** Task item **
An exact transcription is needed of the lines below from the one with "Vintage 14 Karat" through the one with "Approximate total diamond", with no other lines and no pictures.

** Supplied information **
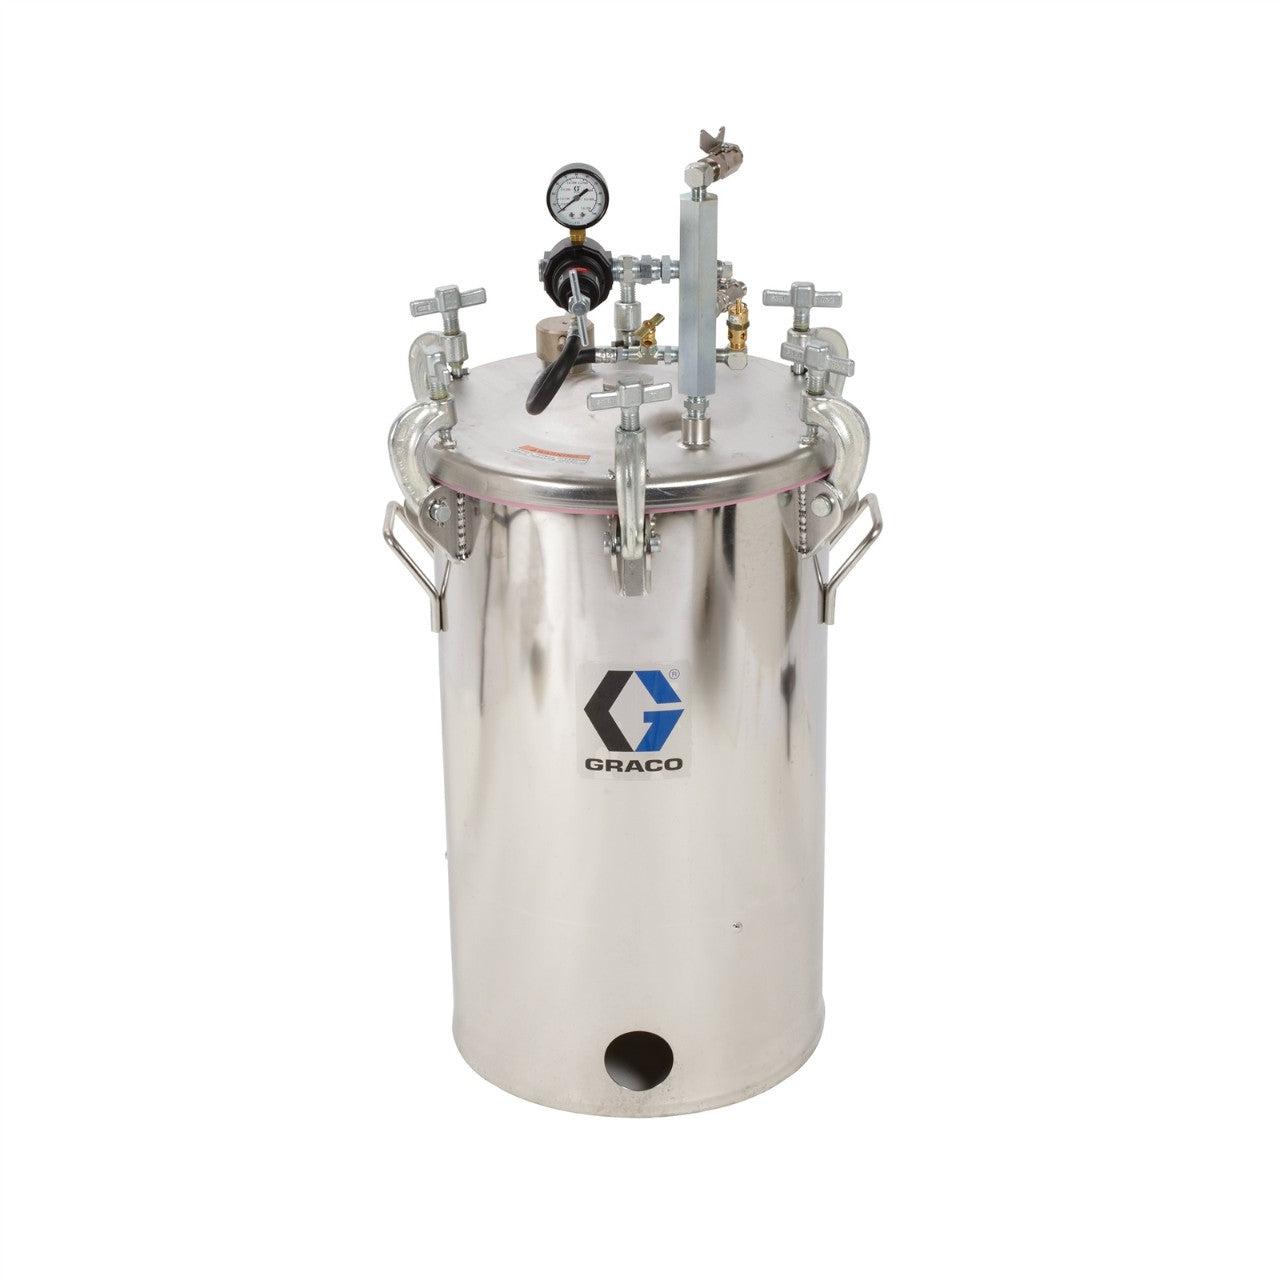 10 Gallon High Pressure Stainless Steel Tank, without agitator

==

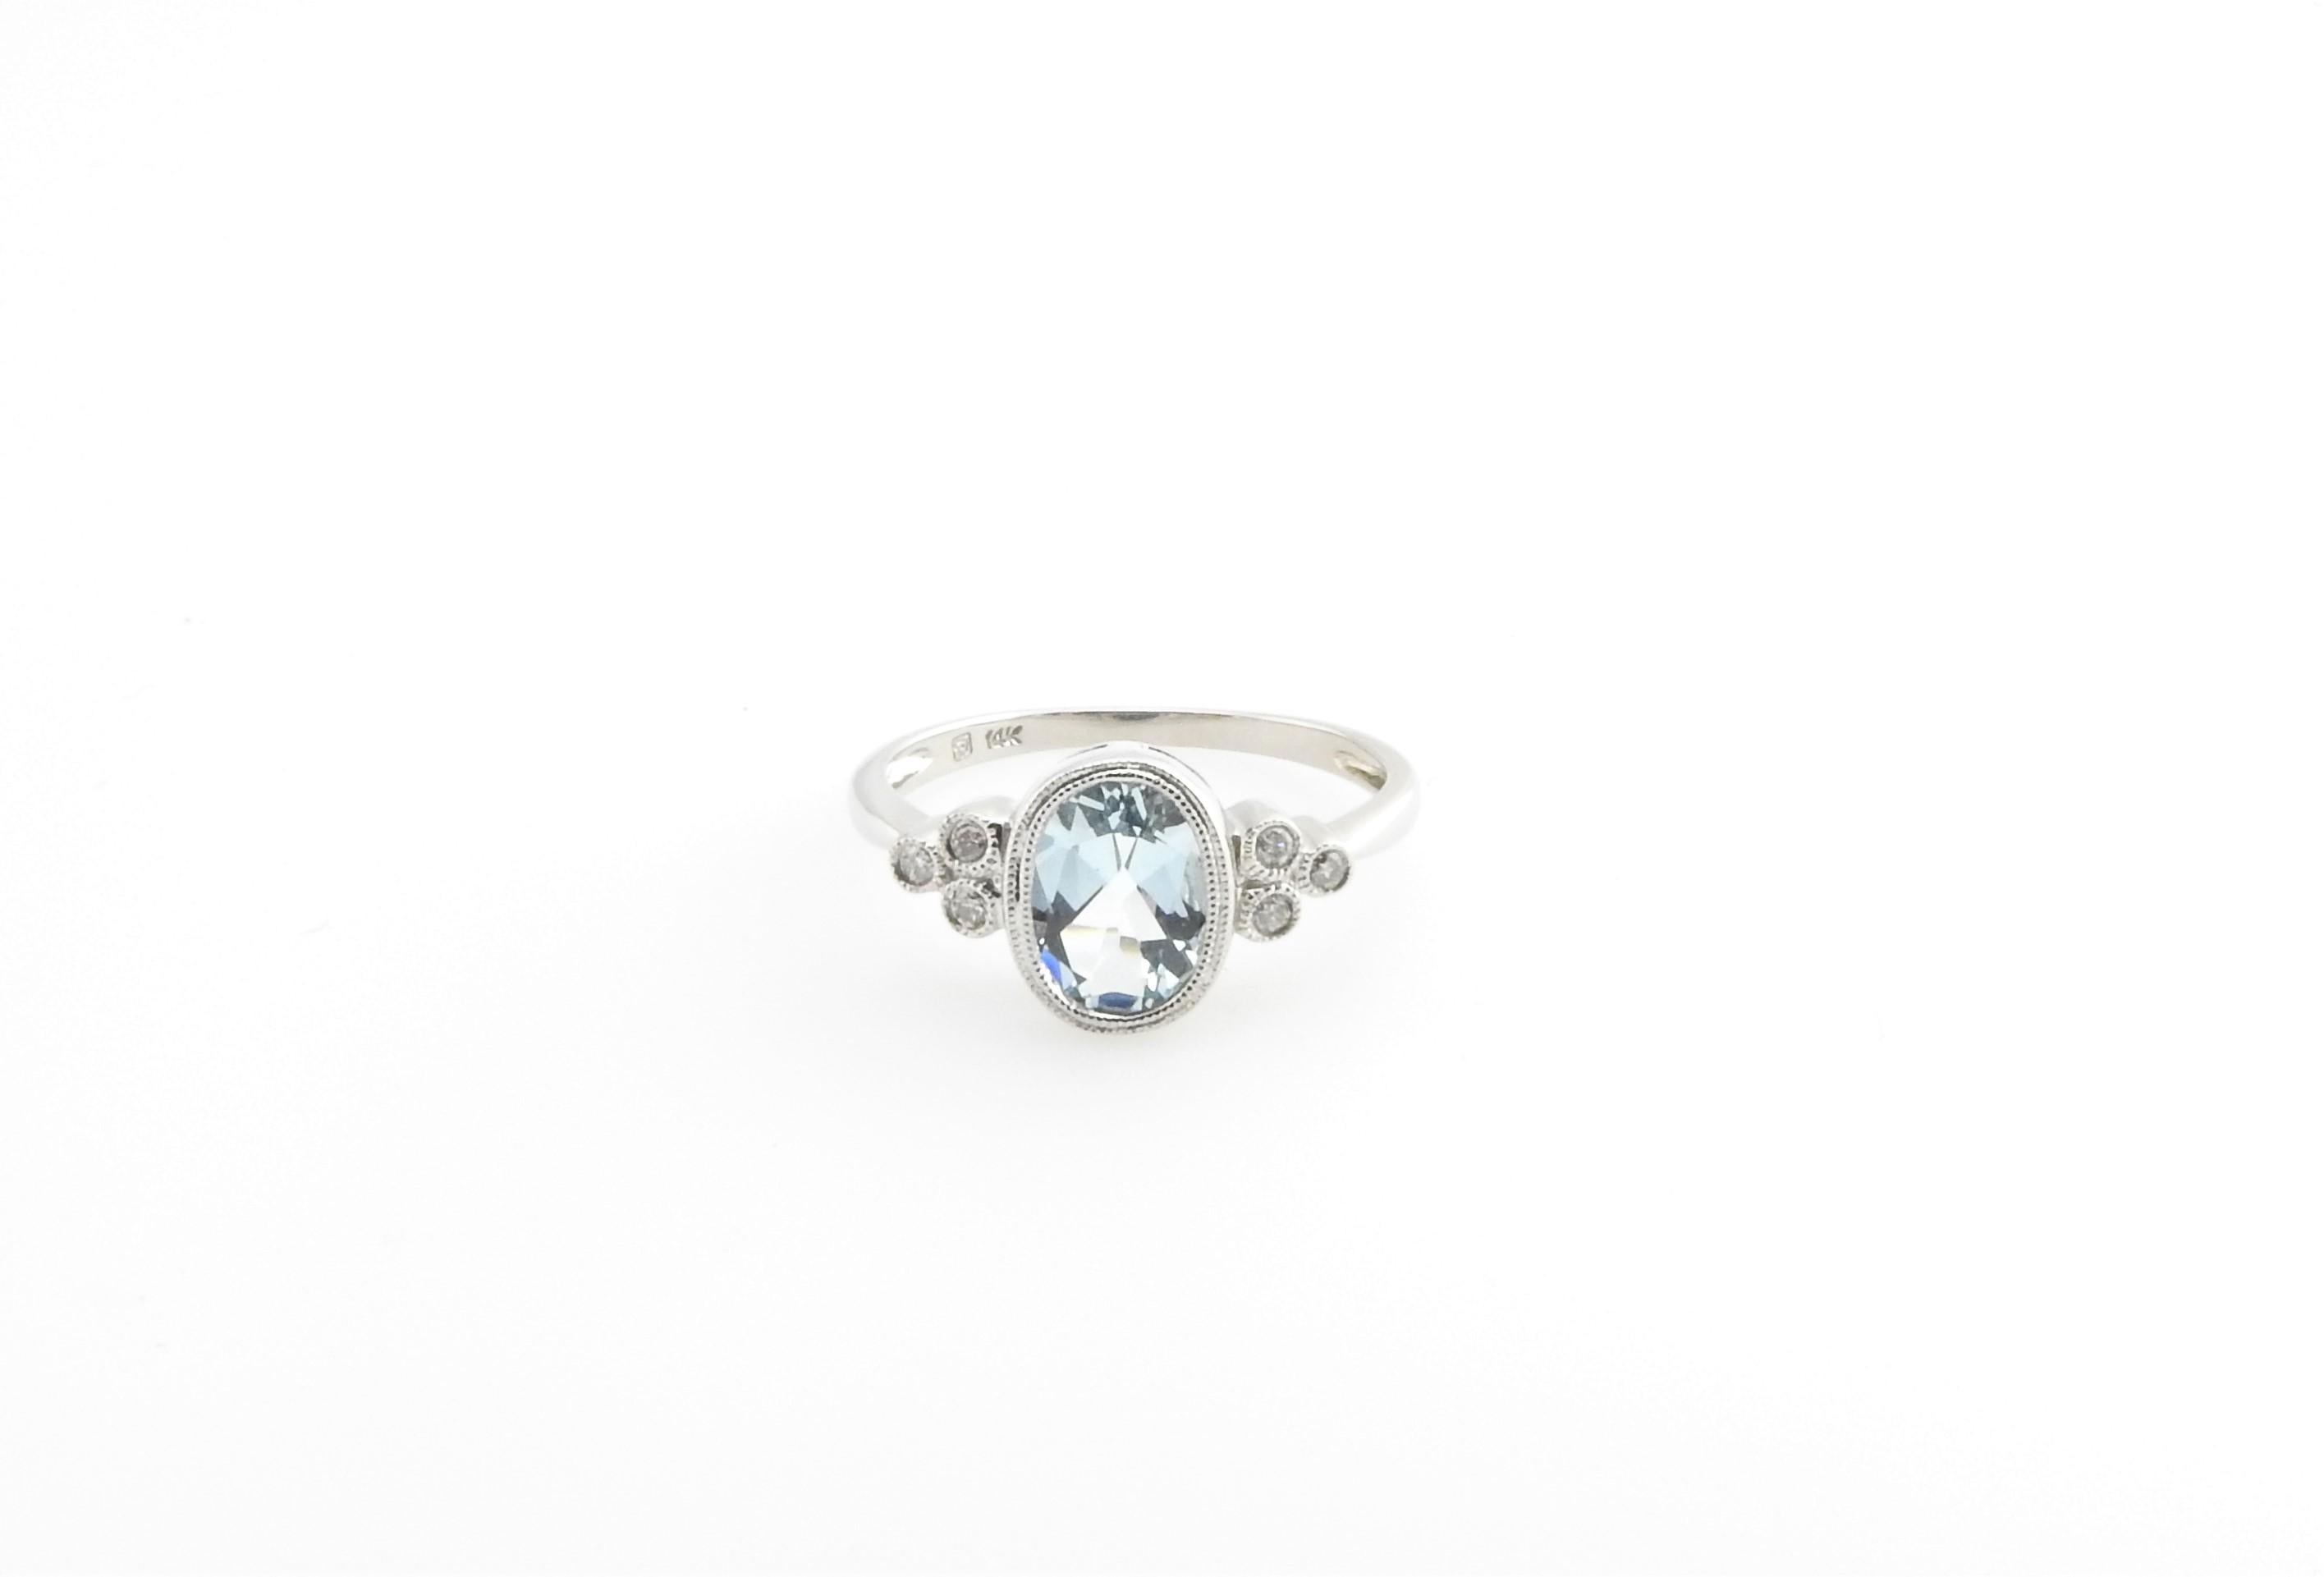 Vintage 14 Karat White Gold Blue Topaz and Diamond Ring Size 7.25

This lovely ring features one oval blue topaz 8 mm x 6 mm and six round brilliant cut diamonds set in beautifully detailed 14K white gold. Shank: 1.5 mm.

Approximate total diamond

** Result **
 Vintage 14 Karat White Gold Blue Topaz and Diamond Ring Size 7.25

This lovely ring features one oval blue topaz 8 mm x 6 mm and six round brilliant cut diamonds set in beautifully detailed 14K white gold. Shank: 1.5 mm.

Approximate total diamond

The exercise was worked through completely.